The irony of this comment, given that there is precisely nothing about Python itself as a language that makes it particularly suitable for "anything remotely scientific", is thick enough to spread on toast.
I can see the validity of such an argument for languages like R or Matlab or Julia (EDIT: or Fortran), wherein the languages were designed with scientific use cases in mind. Python is not in that category; it's rather in the category of Perl (EDIT: and not Fortran): languages that happened to be useful to scientists by happenstance, and around which a library ecosystem developed in support of that usefulness. No fundamental reason why Javascript would somehow be ineligible if Python is eligible.
JavaScript has a very weak standard library. The language & standard library lacks essentials like structural equality, until 2015 or so very weak class-based object-oriented programming, and to this day has numerous footguns that are tricky to remove without breaking the web, like `==`, `this` scoping, and Array.prototype.sort() being in-place.
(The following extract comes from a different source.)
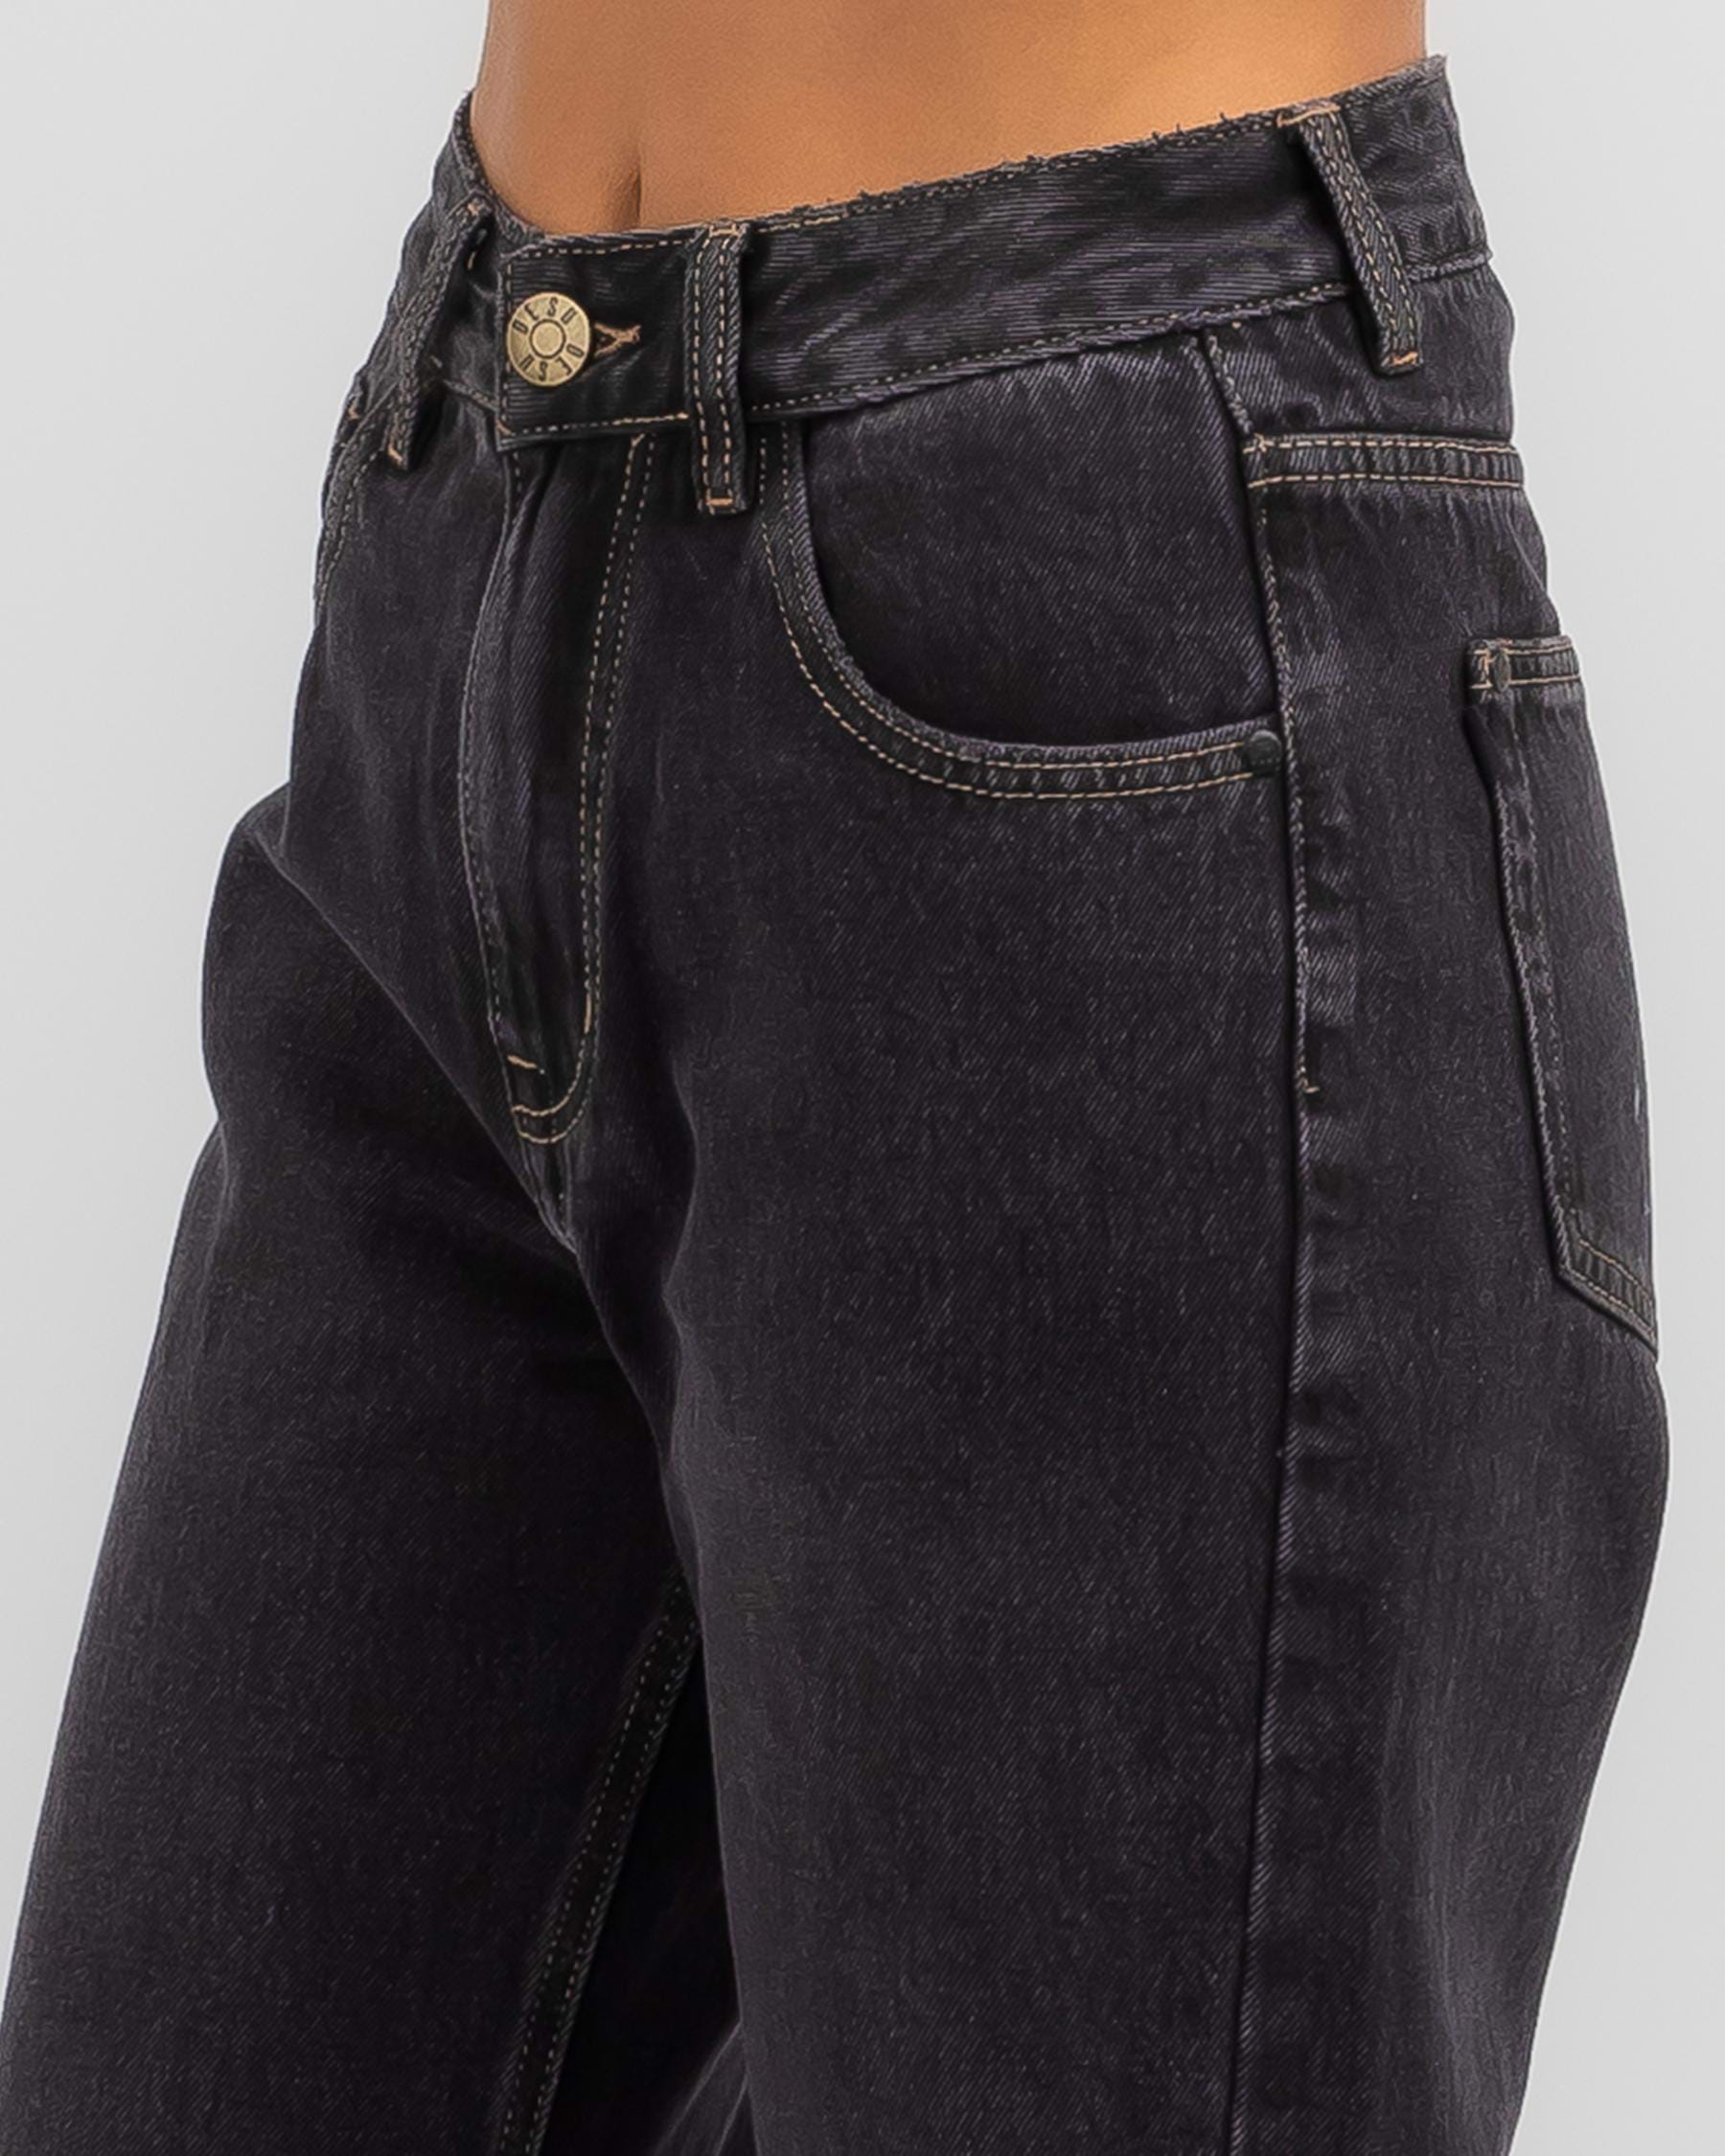 DESU Jagger Jeans In Washed Black - Fast Shipping & Easy Returns - City ...

JavaScript is turning complete and I prefer it’s semantics to the lawless land of Perl, but it ultimately does not serve its users as a general purpose programming language for getting things done - it serves the web foremost, and as a distant second there’s specialized programming environments like Node and Bun with priorities like “asynchronous” that struggle with POSIX/system scripting basics like fork(2), execve(2), working with files in simple ways. Don’t even get me started on FFI/calling into dynamic libraries, which is the bread and butter of scientific computing. FFI is in the stdlib in Ruby; but requires writing or compiling C++ for Node, or a monstrous stack of compilers for the web.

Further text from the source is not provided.